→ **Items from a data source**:
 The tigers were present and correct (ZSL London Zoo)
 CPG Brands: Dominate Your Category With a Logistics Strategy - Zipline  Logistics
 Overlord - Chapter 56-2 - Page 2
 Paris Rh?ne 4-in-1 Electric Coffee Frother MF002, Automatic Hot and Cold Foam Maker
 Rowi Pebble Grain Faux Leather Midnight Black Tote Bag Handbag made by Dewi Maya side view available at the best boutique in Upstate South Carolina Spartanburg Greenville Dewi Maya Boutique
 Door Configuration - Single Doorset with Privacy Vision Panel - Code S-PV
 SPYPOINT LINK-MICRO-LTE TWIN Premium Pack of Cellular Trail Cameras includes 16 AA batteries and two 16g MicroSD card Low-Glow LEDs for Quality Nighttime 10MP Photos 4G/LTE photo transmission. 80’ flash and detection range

→ **EXERCISE DETAILS**:
An identical copy of the preceding records should be returned.

→ **WRITTEN RESPONSE**:
 The tigers were present and correct (ZSL London Zoo)
 CPG Brands: Dominate Your Category With a Logistics Strategy - Zipline  Logistics
 Overlord - Chapter 56-2 - Page 2
 Paris Rh?ne 4-in-1 Electric Coffee Frother MF002, Automatic Hot and Cold Foam Maker
 Rowi Pebble Grain Faux Leather Midnight Black Tote Bag Handbag made by Dewi Maya side view available at the best boutique in Upstate South Carolina Spartanburg Greenville Dewi Maya Boutique
 Door Configuration - Single Doorset with Privacy Vision Panel - Code S-PV
 SPYPOINT LINK-MICRO-LTE TWIN Premium Pack of Cellular Trail Cameras includes 16 AA batteries and two 16g MicroSD card Low-Glow LEDs for Quality Nighttime 10MP Photos 4G/LTE photo transmission. 80’ flash and detection range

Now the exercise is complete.